--- THE DATA Enclosed Below ---

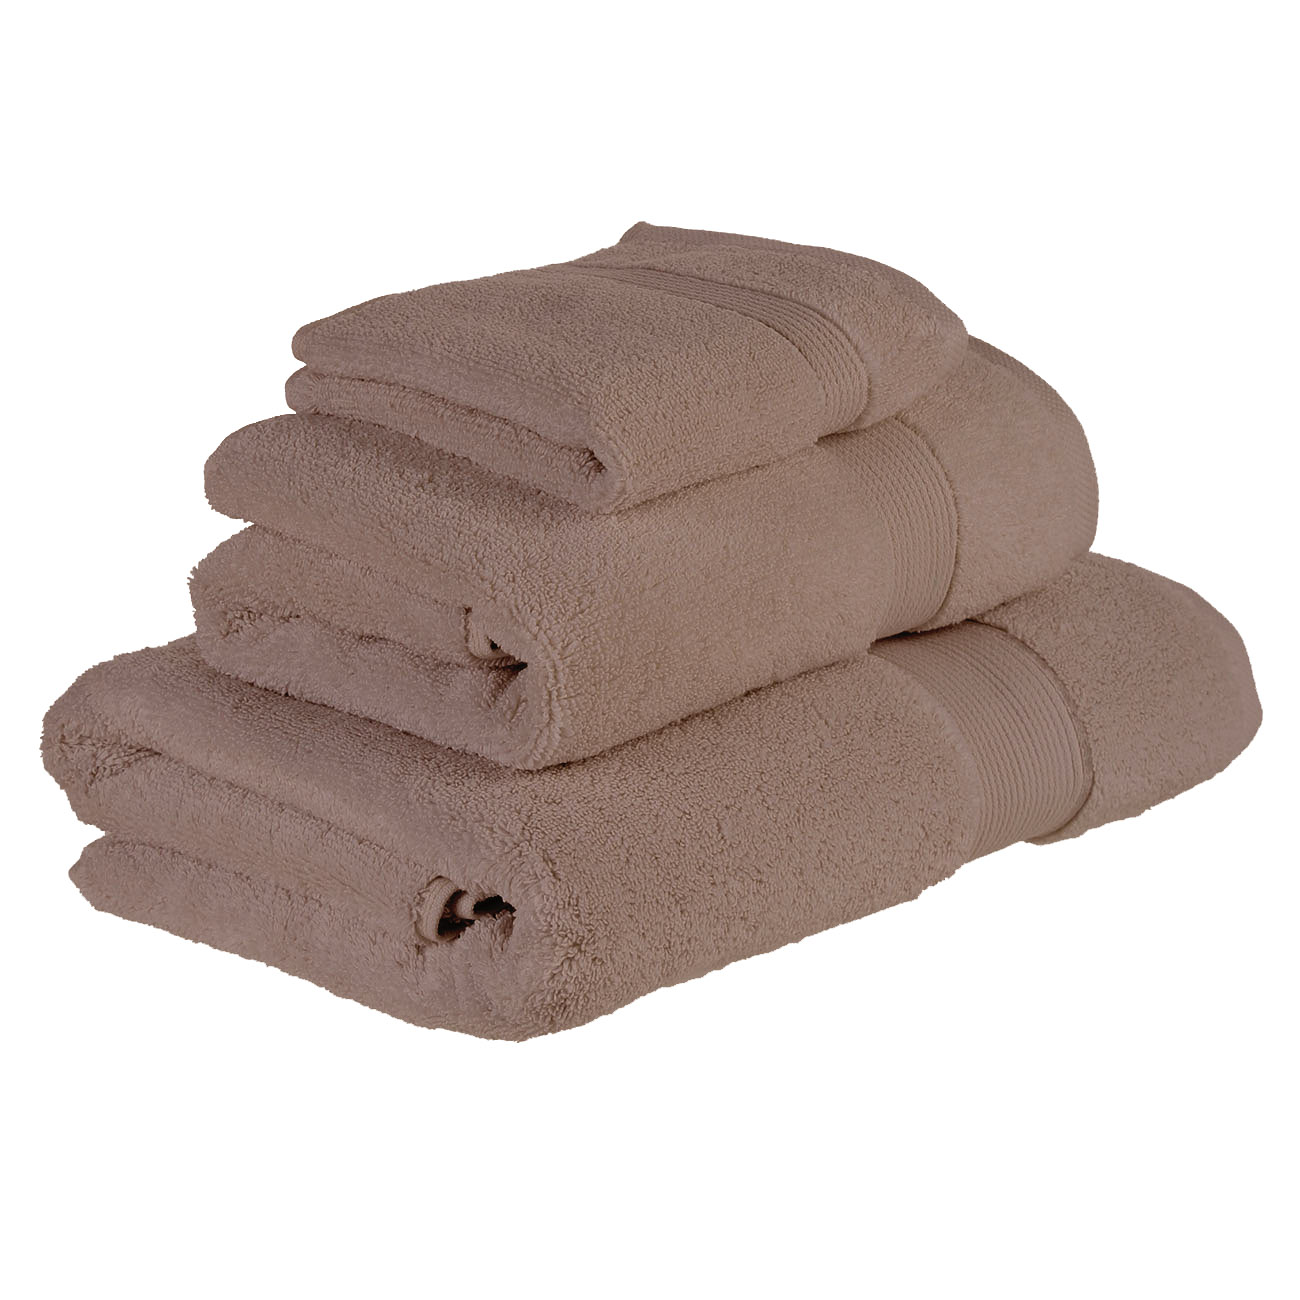 Комплект полотенец, 3 шт, 70x140/50x100/30x30 см, хлопок, коричневый, Cotton
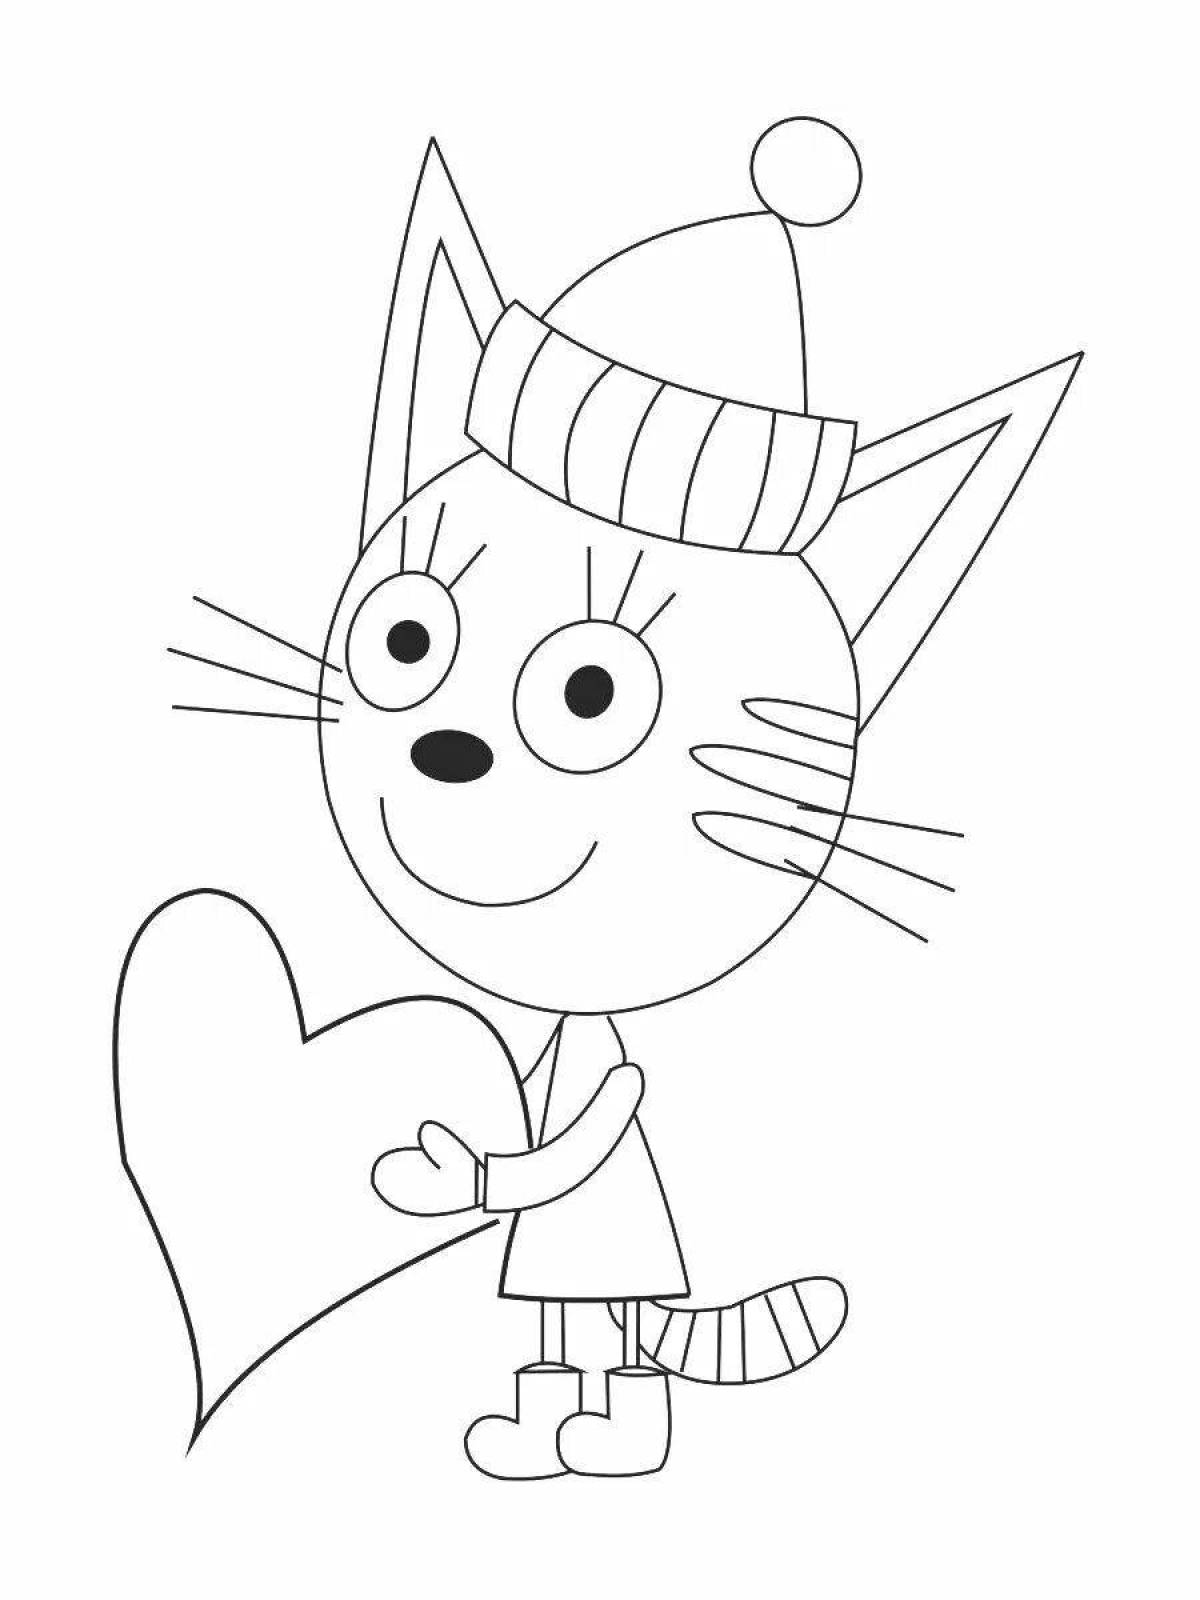 Magic coloring book for kids Mimimishki 3 cats
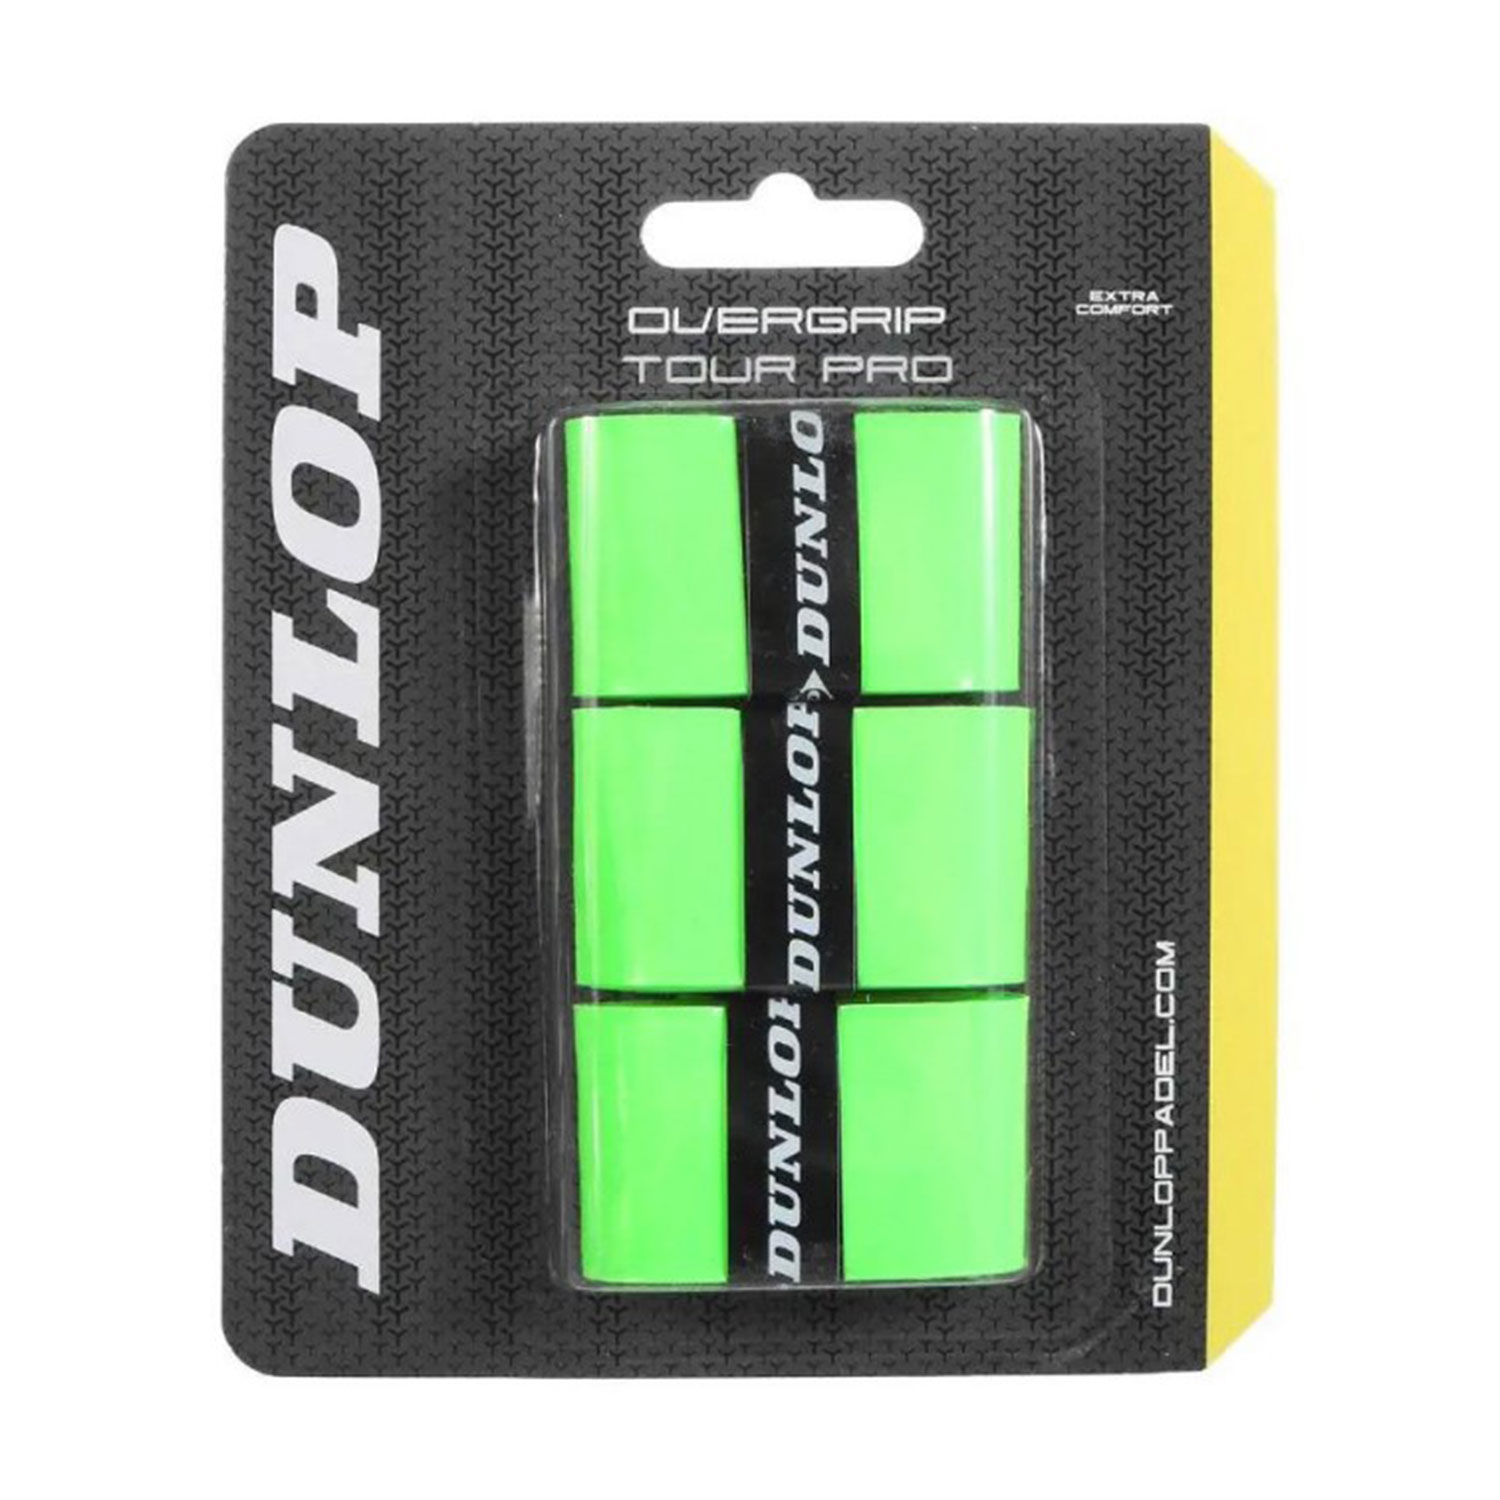 Dunlop Tour Pro x 3 Overgrip - Green
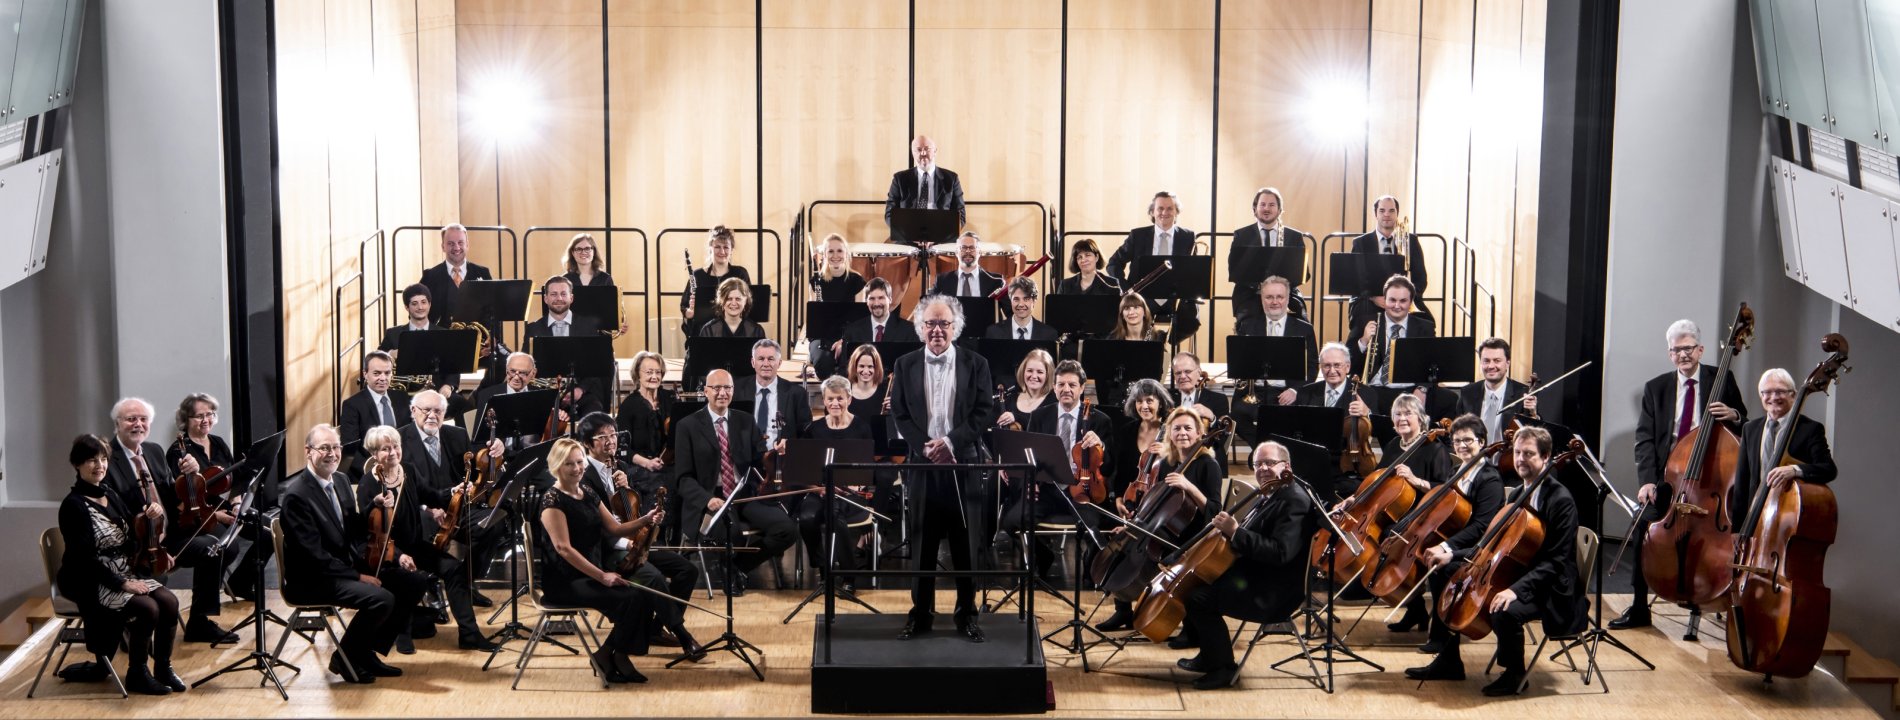 Events in Albstadt: Musikanten des Ebinger Kammerorchesters

--- End of Enclosed THE DATA ---

TASK
With the pictures set aside, return each line of the listing exactly as given.

SOLUTION TO THIS EXERCISE
 Комплект полотенец, 3 шт, 70x140/50x100/30x30 см, хлопок, коричневый, Cotton
 Magic coloring book for kids Mimimishki 3 cats
 Dunlop Tour Pro x 3 Overgrip - Green
 Events in Albstadt: Musikanten des Ebinger Kammerorchesters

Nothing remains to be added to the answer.